Но сейчас, когда эти чувства растворились под натиском высвобождаемой ярости, все вновь стало понятно и просто.
Равнодушно.
Наконец-то все, столь долго мучившее его, сменилось равнодушным, очищающим опустошением. Вымывающим из головы давящую тяжесть мыслей, недавних событий, попыток понять. Понять то, что понять невозможно. Понять то, что понимать не хотелось.
Сейчас не было ничего. Только кровь на сбитых костяшках и горькое, почти садистски-ненормальное удовлетворение.
Он не хотел знать, что мстил за нее.
***
Это было ужасно непривычно, неестественно, а еще отчего-то царапающе-неприятно и раздражающе. Сколько раз он бывал в этом кабинете – на ежедневных совещаниях, на “воспитательных беседах”, когда начальнице приходило в голову в очередной раз поставить его на место; когда сдавал отчеты или спорил с Савицким, указывая на очевидные ошибки в работе… Одно оставалось неизменным: за этим столом, в этом кресле могла сидеть только Зимина. Так, как будто она давно уже стала неотъемлемой частью этого кабинета, той самой частью, без которой все теряет нормальность и смысл.
И сейчас, разглядывая напряженно выпрямившегося за столом Климова, Зотов не мог отделаться от ощущения откровенной фальши всего происходящего. И вдруг подумал, что, появись у него такая возможность, это место он ни за что не стал бы занимать. При подобных обстоятельствах уж точно.
Потому что… потому что, черт возьми, это было ее место. Потому что без нее все казалось нелепым, каким-то незавершенным, словно в собранном паззле не хватало одной-единственной, самой важной детали. И в этот момент, среди редких молний враждебных взглядов: настороженного – Щукина, неприязненного – Измайловой, недовольного – Савицкого, он впервые чувствовал себя отвратительно лишним, досадным, мешающим. Как будто прежде именно Зимина была тем самым звеном, соединяющим его, чужака, со всем остальным отделом, частью которого он по-настоящему так и не сумел стать. Ведь это именно она, пусть и не питая к нему симпатии, оставила его на должности начальника оперов, именно она, не имевшая причин ему доверять, позволяла ему хорошо и грамотно работать, не учитывая сомнительное мнение своих друзей, которым важнее всего было избавиться от него любой ценой.
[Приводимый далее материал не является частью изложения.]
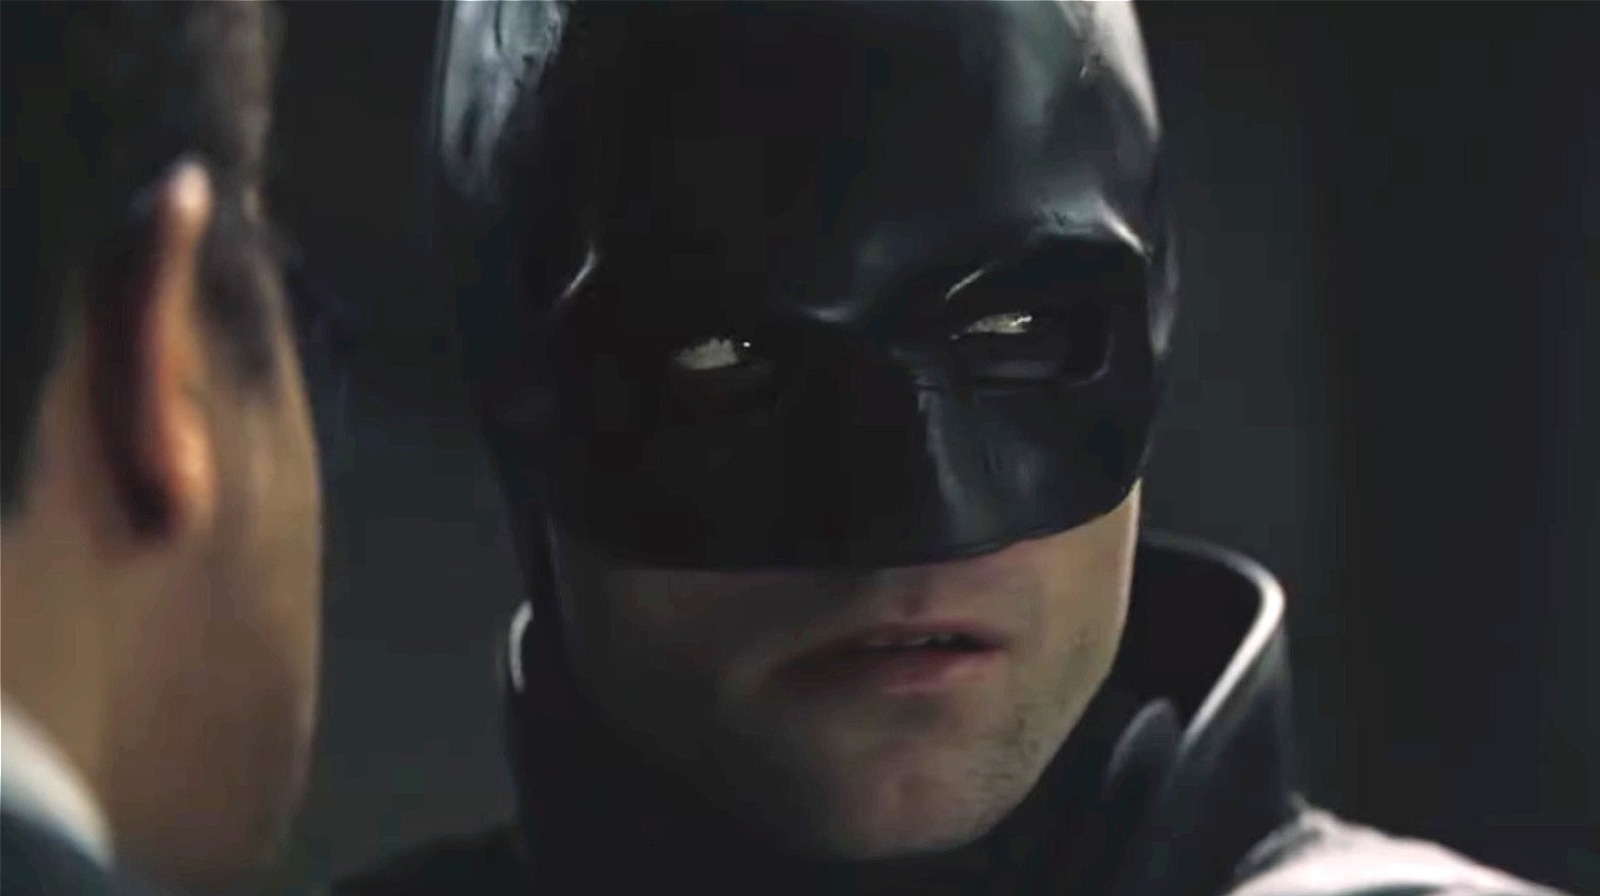 Why The Batman's Ending Has Critics And Fans So Divided

– Я думаю, всем очевидно, – острый взгляд на мгновение кольнул холодком, – что добраться до заказчика мы должны первыми. Куликов пусть посидит пока у нас, а уже потом, когда…
– Вадим Георгиевич, – довольно невежливо перебил Зотов, – извините конечно, но как мы объясним, почему подозреваемый столько времени проторчал в отделе?
Нервно сцепленные пальцы Климова сжались еще сильнее. Его раздражало присутствие этого выскочки, раздражали его бесцеремонные вопросы, раздражал он сам. Вадим не хотел себе признаваться, но его ужасно задел тот факт, что это именно Зотов выступил в роли благородного, мать его, спасителя, что это именно Зотов обнаружил важную улику и вышел на исполнителя, а потом и расколол его. Разумеется, самым важным было, что Зимина осталась жива, а уж кто ей помог – дело десятое. Однако избавиться от навязчиво-едкого чувства досады не получалось все равно.
– А зачем кому-то знать, что он был у нас? – с нарочитой невозмутимостью ответил он вопросом на вопрос. – Мало ли где он мог скрываться все это время. А уж убедить его молчать – твоя забота.
– Будет сделано, – с официальностью на грани издевки отозвался Михаил и поднялся, выдав неизменную псевдо-вежливую, затаенно-наглую улыбку. – Разрешите идти?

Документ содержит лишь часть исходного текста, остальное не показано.